Restaurants rarely list or mention the price of bottled water. At Town, part
of Mr. Goodrich's sales
pitch was to describe an obscure brand called Hildon. "It comes from England
and one of the owners
is from the same region and thinks its the best," he'd say. "People
are like, 'Oh it must be good,
then' -- until they get the check and see that three bottles cost $27."

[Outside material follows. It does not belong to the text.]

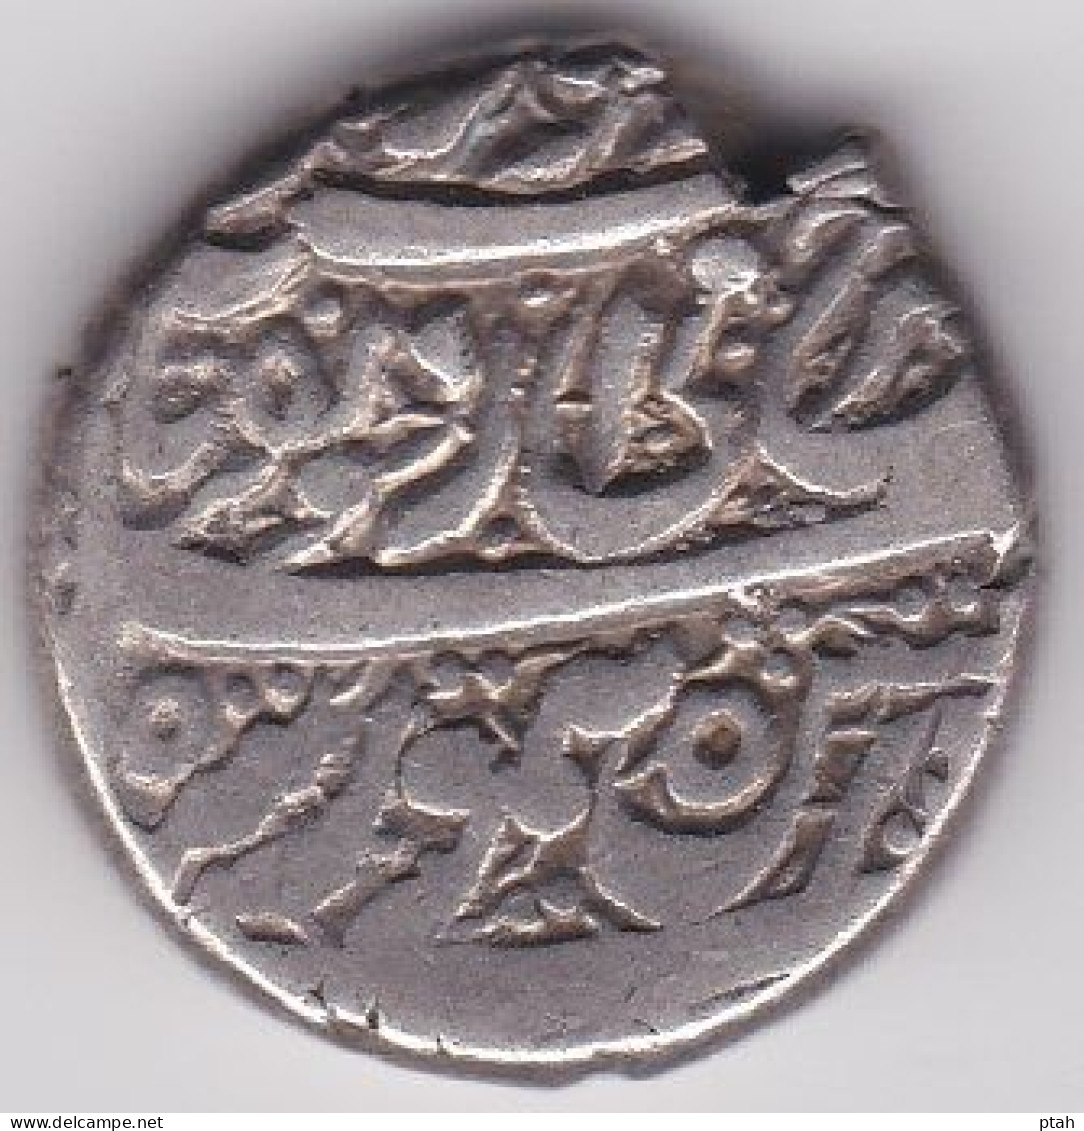 DURRANI, Taimur Shah, Rupee 1201h - Afghanistan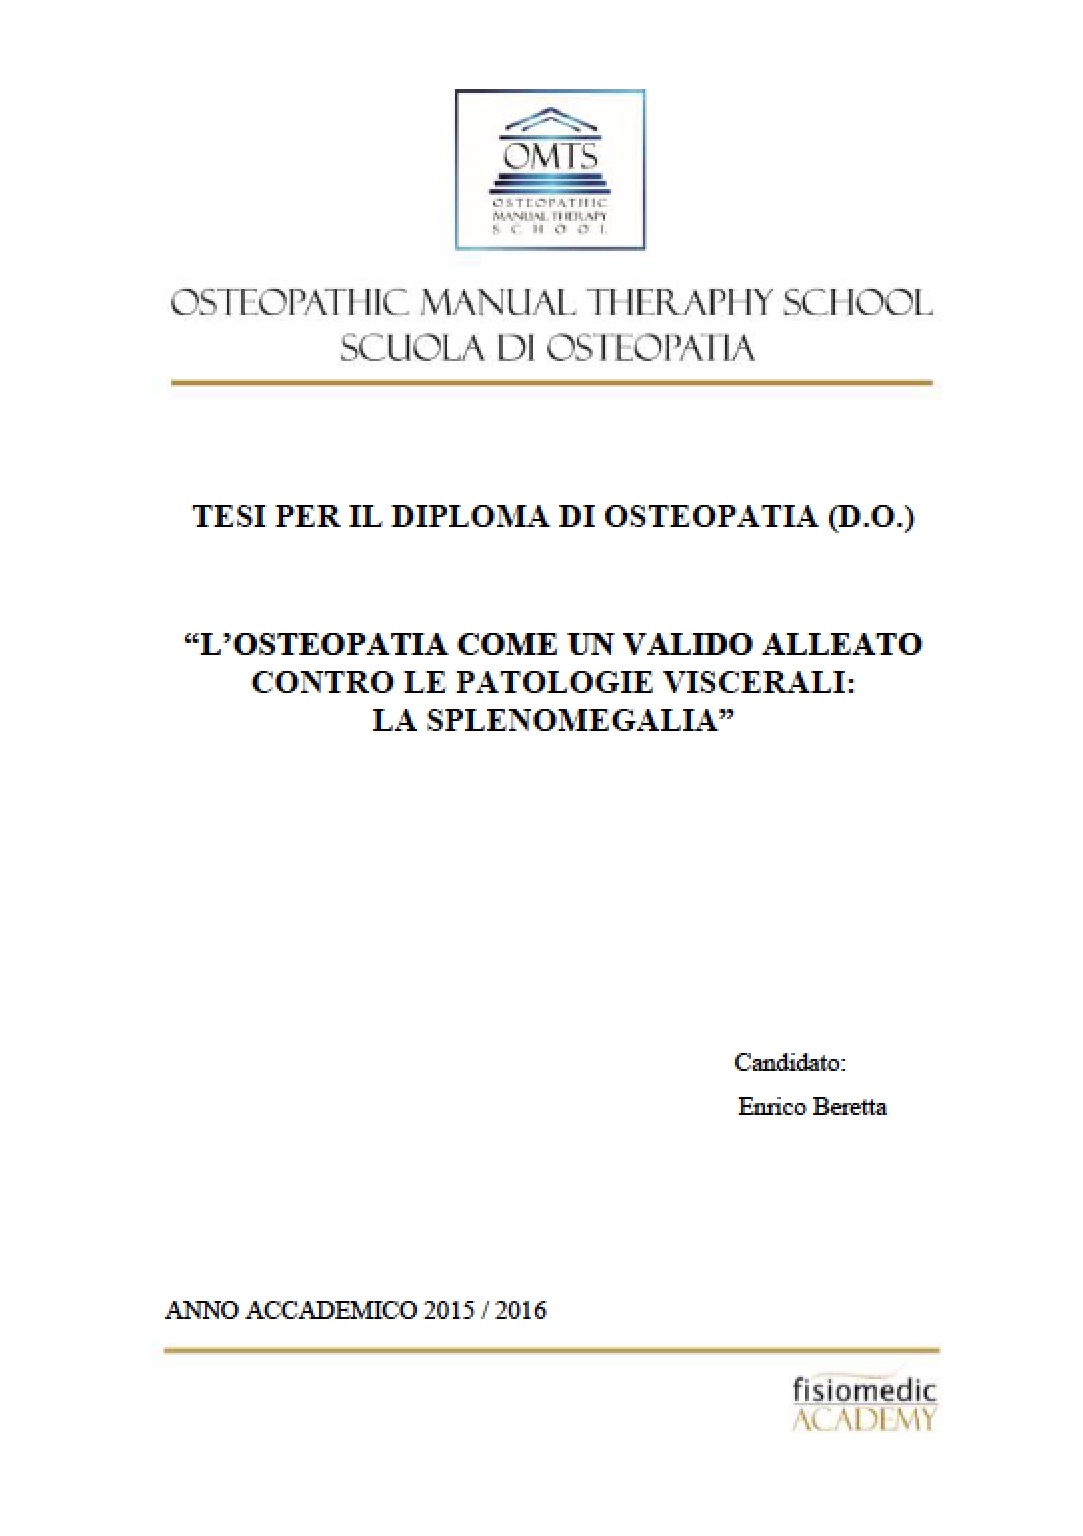 Enrico Beretta Tesi Diploma Osteopatia 2016

"By now, everybody knows the price of San Pellegrino," says Barry
Wine, a former New York restaurant
owner. "But if you know that some of these waters aren't on store shelves,
you can justify the price
-- maybe."
When it debuted in Boston last year, a new French-Indian restaurant called
Mantra wanted to grab
customer attention with a bottled-water import called Voss, which is available
primarily in hotels
and restaurants. Tall and sleek like a perfume decanter, each 800 ml bottle
of Voss goes for $8.
Mantra chose the Norwegian brand in part for its distinctive look but also because
of its anonymity.
"Customers cannot compare the retail price with our prices" says beverage
director Christian
Vassiliev. "So yes, of course that was a factor in our choosing it. But
I'm not supposed to tell you
that."
Publicist Mariana Field Hoppin recently had dinner at Mantra with celebrated
chef Julia Child and
didn't appreciate the water pressure. "You turn around and your glass is
full again," she says.
"It's the only time I can think of that they can get you like that. They
have to ask if you want
another bourbon or another chardonnay."
Even family-style restaurants are paying attention to water sales. At Albalonetti's
Seafood
Trattoria in Monterey, Calif., "We make a point of not saying 'tap,' "
says manager Stuart Babcock.
"It just doesn't sound very professional." Until recently Mr. Babcock
wasn't selling much of the
bottled water that took up space in his storage rooms. "I needed to figure
out a way to make it
move," he says.
So a few months ago he instructed his staff to place green bottles of San Pellegrino
and Panna on
the tables as props to complement the restaurant's sea-foam decor. "It's
easy to say 'no' to
something, but when you're looking at it, your mind tells you, 'go for it.'
" The suggestive sales
tactic, he says, has at least doubled his bottled water sales.
Sometimes, customers find it hard to say no. At a business lunch in midtown
Manhattan, David
Zinczenko, editor-in-chief of Men's Health magazine, recently tried to dodge
the Hobson's Choice --
"still or sparkling?" -- by asking for "regular" water.
When the waiter returned with an open,
chilled bottle of still water instead, "I just had to swallow it,"
says Mr. Zinczenko, who declines
to name the restaurant. "There's all this schmooze going on at a business
lunch, so you've got to be
careful about making a big deal over something that seems so insignificant."